2GB is really low. I've been able to use A111 stable diffusion on my old gaming laptop's 1060 (6GB VRAM) and it takes a little bit less than a minute to generate an image. You would probably need to try the --lowvram flag on startup.


No, I don't think so. I think you would need more VRAM to start with.


SDXL Turbo is much better, albeit kinda fuzzy and distorted. I was able to get decent single-sample response times (~80-100s) from my 4 core ARM Ampere instance, good enough for a Discord bot with friends.


Sd turbo runs nicely on a m2 MacBook Air (as does stable lm 2!)

Much faster models will come


Which AMD CPU/iGPU are these timings for?


AMD Ryzen 9 7950X 16-Core Processor

The iGPU is gfx1036 (RDNA 2).


If that is true, then the CPU variant must be a much worse implementation of the algorithm than the GPU variant, because the true ratio of the GPU and CPU performances is many times less than that.


Not if you want to finish the generation before you have stopped caring about the results.


You can run any ML model on CPU. The question is the performance


Very impressive.

From what I understand, Stability AI is currently VC funded. It’s bound to burn through tons of money and it’s not clear whether the business model (if any) is sustainable. Perhaps worthy of government funding.


Stability AI has been burning through tons of money for awhile now, which is the reason newer models like Stable Cascade are not commercially-friendly-licensed open source anymore.

> The company is spending significant amounts of money to grow its business. At the time of its deal with Intel, Stability was spending roughly $8 million a month on bills and payroll and earning a fraction of that in revenue, two of the people familiar with the matter said.

> It made $1.2 million in revenue in August and was on track to make $3 million this month from software and services, according to a post Mostaque wrote on Monday on X, the platform formerly known as Twitter. The post has since been deleted.

https://fortune.com/2023/11/29/stability-ai-sale-intel-ceo-r...


I get the impression that a lot of open source adjacent AI companies, including Stability AI, are in the "???" phase of execution, hoping the "Profit" phase comes next.

Given how much VC money is chasing the AI space, this isn't necessarily a bad plan.
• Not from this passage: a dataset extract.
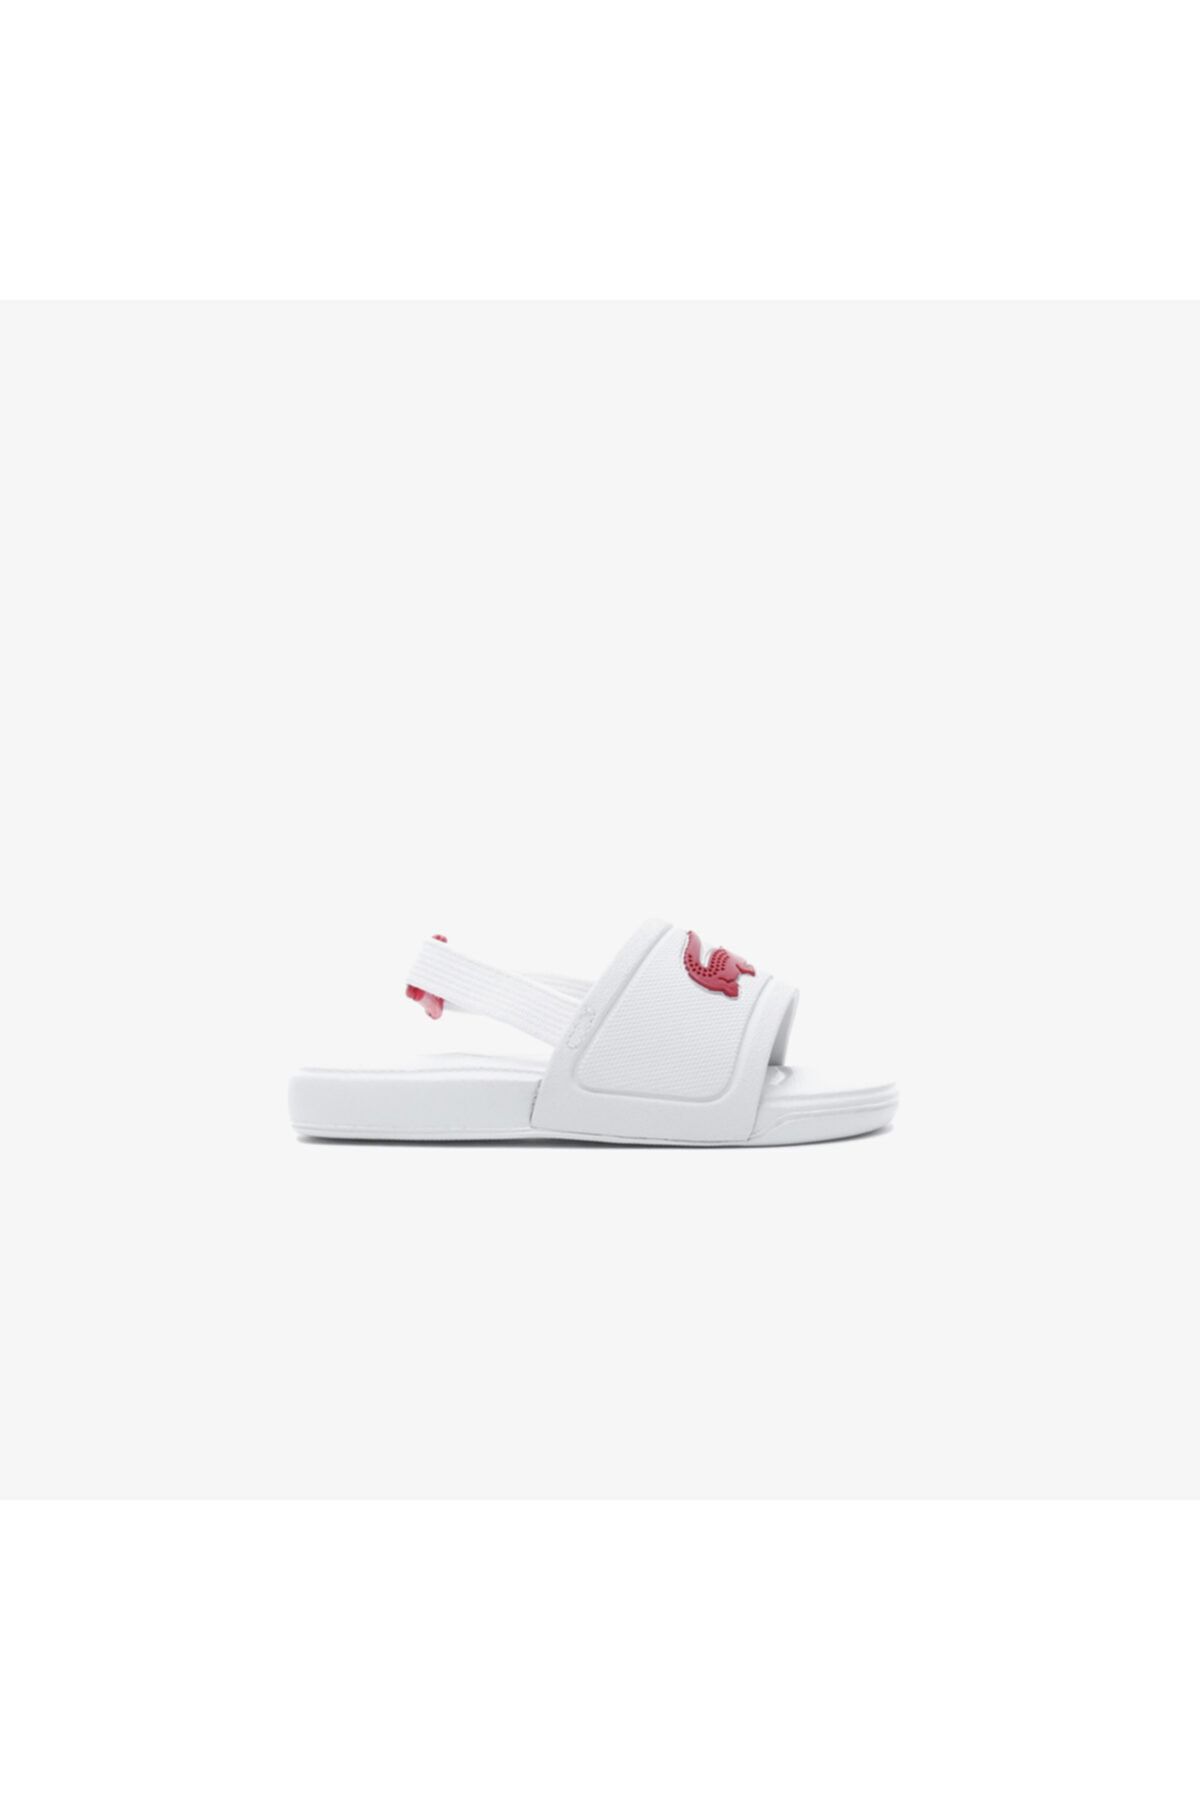 Nike Lacoste L.30 Slide 120 1 Cui Çocuk Timsah Baskılı Beyaz - Koyu Pembe Sandalet
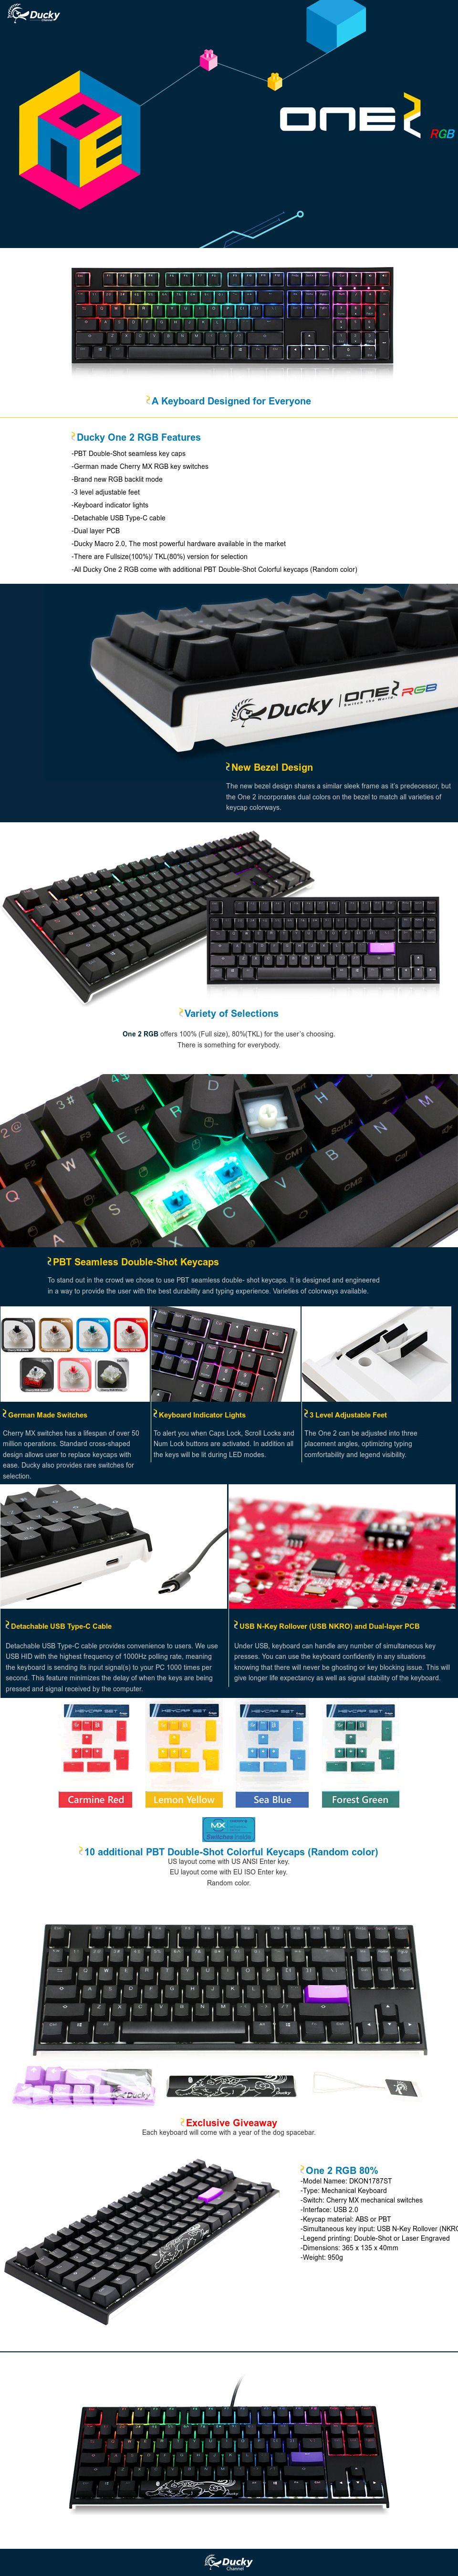 Ducky One 2 RGB TKL Mechanical Keyboard with Cherry MX Blue Key Switches

Give stuff away for free while developing deep expertise, then either figure out something to sell, or pivot to proprietary, or get aquihired by a tech giant.


That is indeed the case, hence the more recent pushes toward building moats by every AI company.


> which is the reason newer models like Stable Cascade are not commercially-friendly-licensed open source anymore.

The main reason is probably Mid journey and OpenAi using their tech without any kind of contribution back. AI desperately needs a GPL equivalent…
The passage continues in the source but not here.